Bok-shil starts work in Seoul as an assistant for Director Choi. In the hopes of saving enough money for her mother's surgery, Bok-shil braves the demands of her work despite her clumsy and awkward ways. Seung-hee finds himself being attracted to Bok-shil because of her face, initially, and then later on because of her unique charm and humor.

Hye-su's family, by chance, sees Bok-shil and realizes she is the long lost sister of Hye-su. Hye-su's mother, determined not to lose another daughter, runs an investigation to find out Bok-shil's real identity. Proving that Bok-shil is really Lee Hye-rim, her lost younger daughter, she pleads Bok-shil/Hye-rim to leave her rural life and adopted mother to embrace her true lineage. Through Yoon Mi-hyeon (Kang Jeong-hwa), the film company's music director who turned to be her cousin, Bok-shil realizes she is the sister of Hye-su, Director Choi's former girlfriend. She is now conflicted on how to tell the truth to Seung-hee, who is now also falling for her.
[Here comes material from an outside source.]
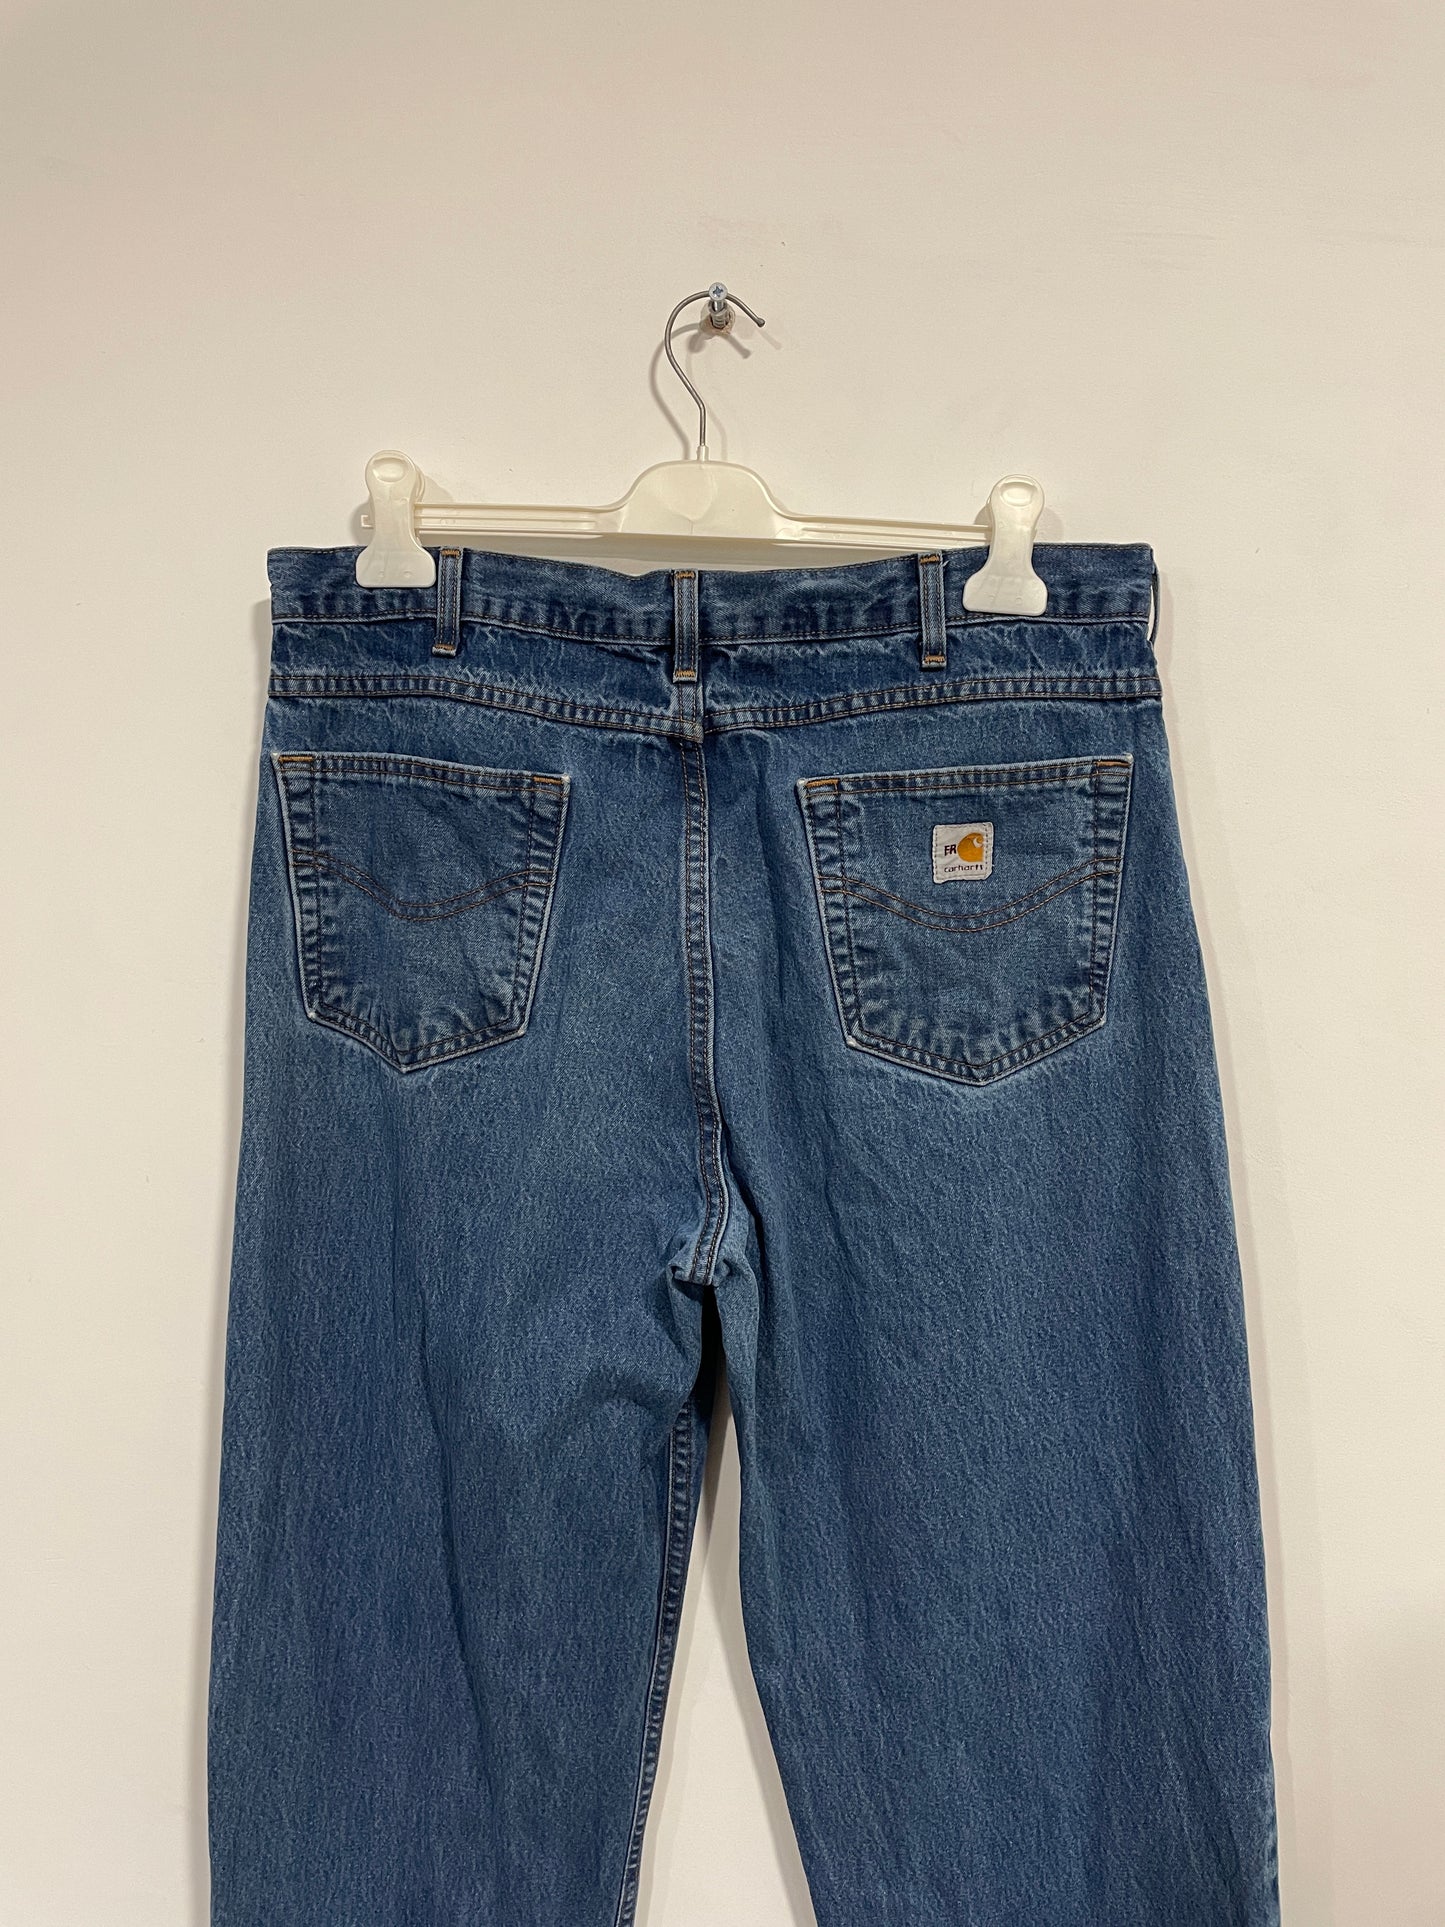 Jeans Carhartt workwear FR (A442)

After the initial shock and confusion, Seung-hee was able to overcome his fears and admits he is in love with Hye-rim as Kim Bok-shil. Bok-shil's real mother, pained yet again due to her younger daughter's choice, becomes determined to put an end to the relationships. Her hate for the director has come full-circle, and Choi now has the chance to do what he wasn't able to do for Hye-su.

==Cast==
- Jung Ryeo-won as Kim Bok-shil/Lee Hye-su/Lee Hae-rim
- Kim Rae-won as Choi Seung-hee
- Park Si-hoo as Han Jeong-hoon
- Kang Jeong-hwa as Yoon Mi-hyeon
- Im Ye-jin as Kim Soon-ok (Bok-shil's mom)
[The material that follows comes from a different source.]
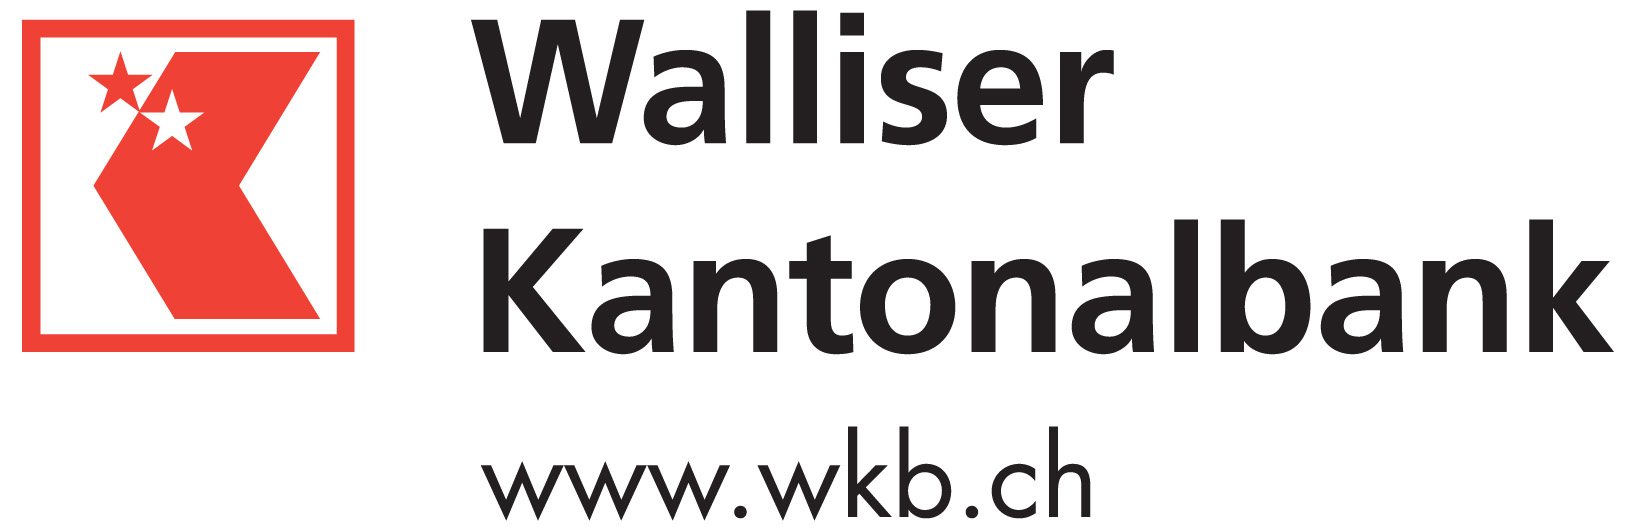 Walliser Kantonalbank, Brig

- Ok Ji-young as Jung Sun-jung (Bok-shil's friend)
- Kim Ha-kyun as Jo Doo-sik
- Lee Bo-hee as Ahn Jin-hee (Hye-su's mom)
- Song Jae-ho as Lee Young-noh
- Lee Young-ha as Choi Soo-il (Seung-hee's dad)
- Park Chul-ho as Park Chan-ho (Seung-hee's upperclassman)

==International airings==
Which Star Are You From aired in the Philippines on ABS-CBN's Primetime Bida line up from May 28 to August 3, 2007, replacing Maging Sino Ka Man and was replaced by Kokey.